Fr. Tello is professor at the Pontifical Liturgical Institute of the University of St. Anselm, where he teaches courses on Architecture and Liturgical Art.

“In our faith,” he explained, “we propose the visibility of the invisible, God became man, and from that moment, all things visible can show us God’s presence. That is what we try to make others see, that with visible, formal and structural elements one can experience God.”
Fr. Tello recommended the crucifix, which he called the “greatest sign of our faith,” as well as sacred images, particularly those depicting “the mysteries of redemption and salvation, such as Christmas, Easter or Pentecost.”

Exterior images of these central mysteries can help “bring about interior transformation in us,” he said.

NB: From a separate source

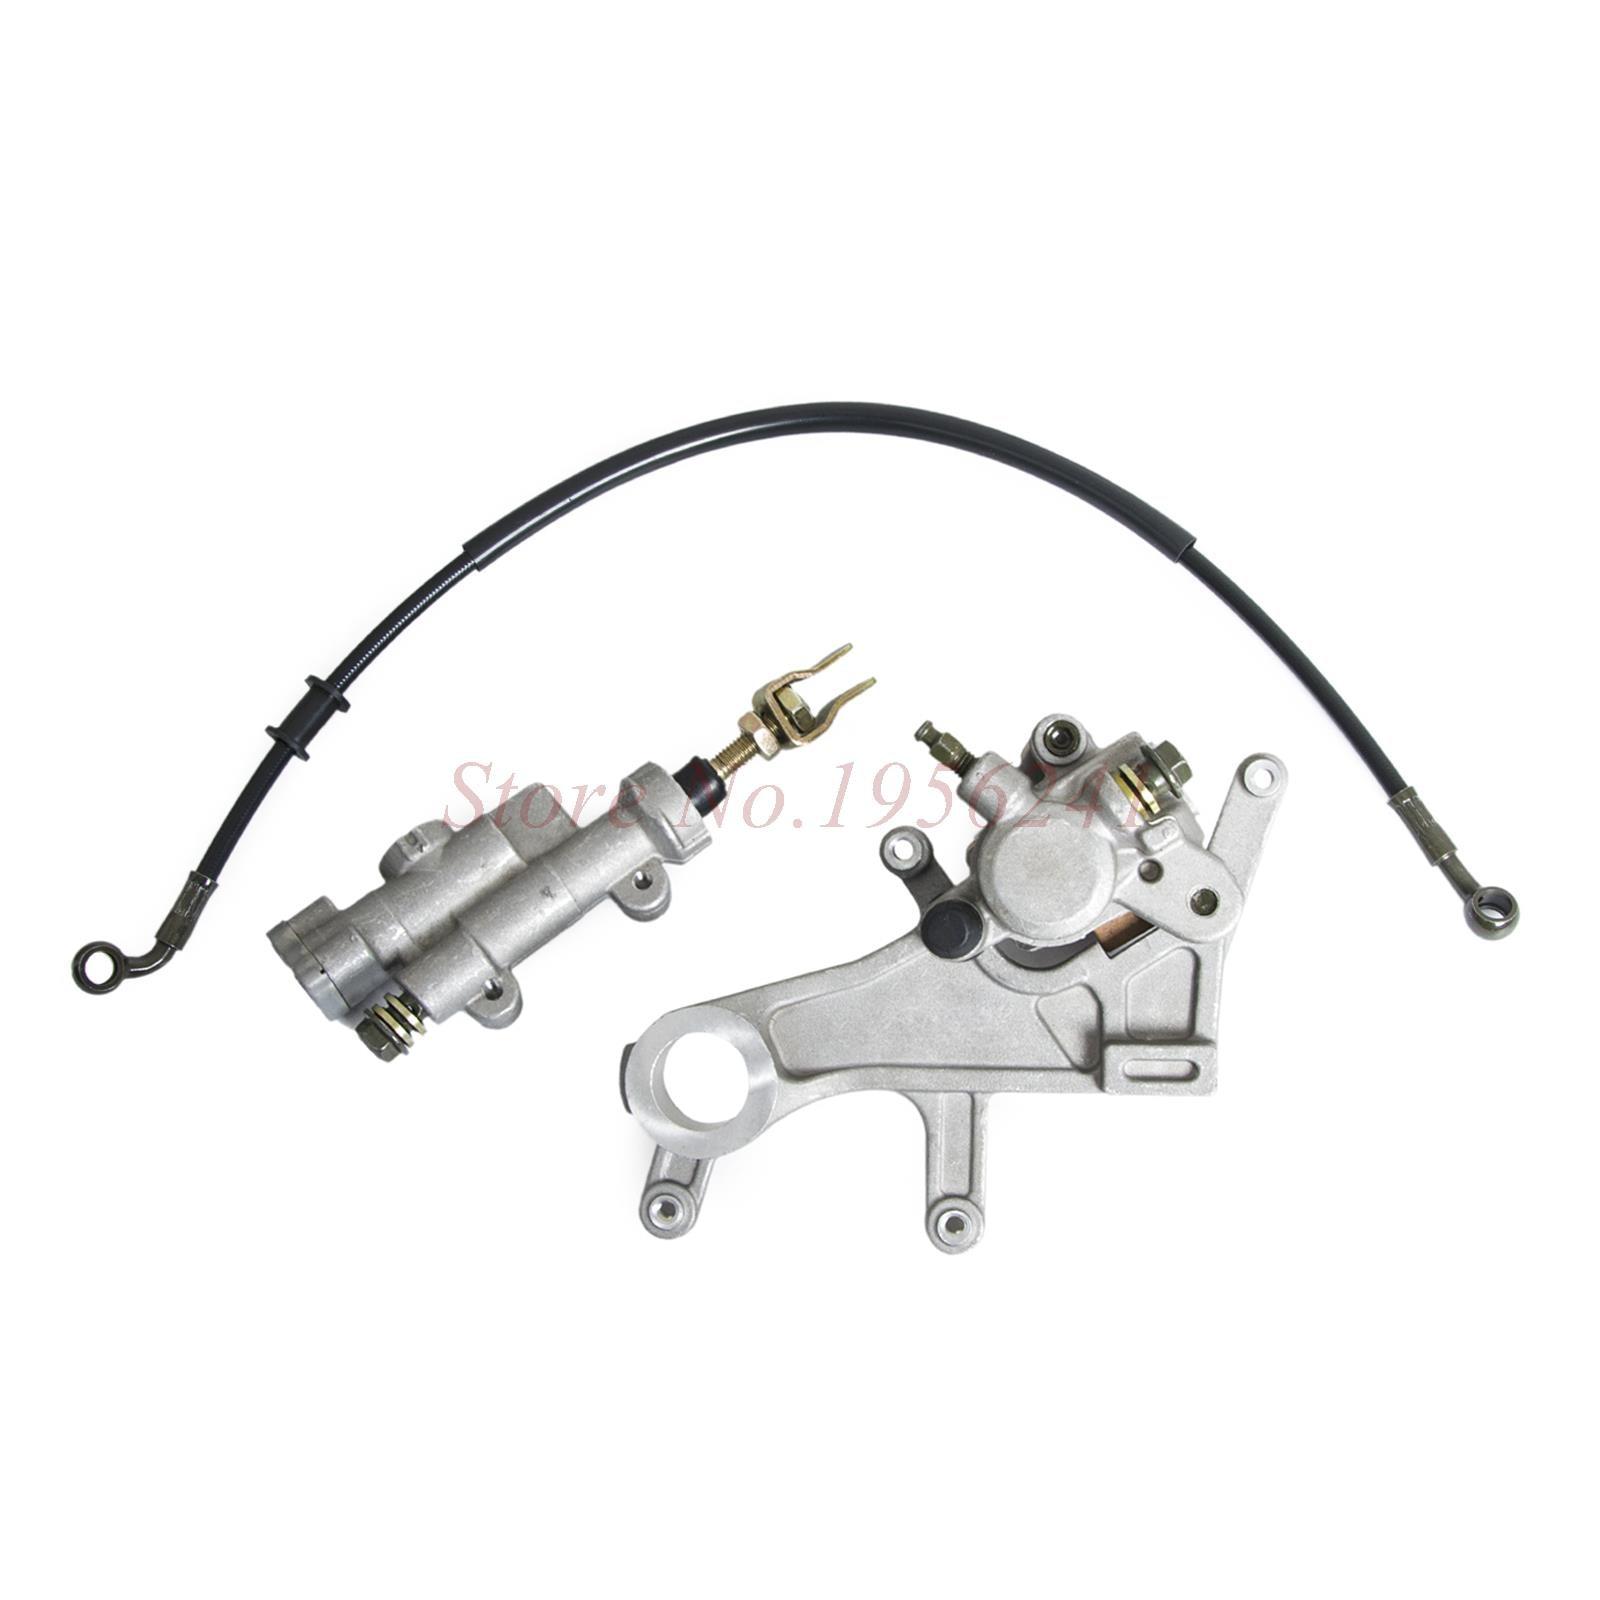 ФОТО Rear Brake Caliper Master Cylinder For Honda CRF450R CRF450X CRF 450R 450X

It is also important to have images of the saints, the priest continued, because “they are examples of living the Gospel in an exceptional way.” And among all the saints, “the Mother of God stands out, for the special role she has in all homes.”

Another essential element in the Christian home should be the Bible, because “it is the book that transmits to us the message of how God comes to us at every instant of our lives,” Fr. Tello said.

While many different buildings can bring us closer to God, he continued, nothing brings us more into communion with God than the church.

“The atmosphere of the church is a place of privilege for Christians, because is the place of the Sacrament, the place where we encounter the very presence of God’s mystery,” he explained. 

For this reason, it is so important that architects “know the faith well when the time comes to design both their structural as well as their celebrative elements,” he said.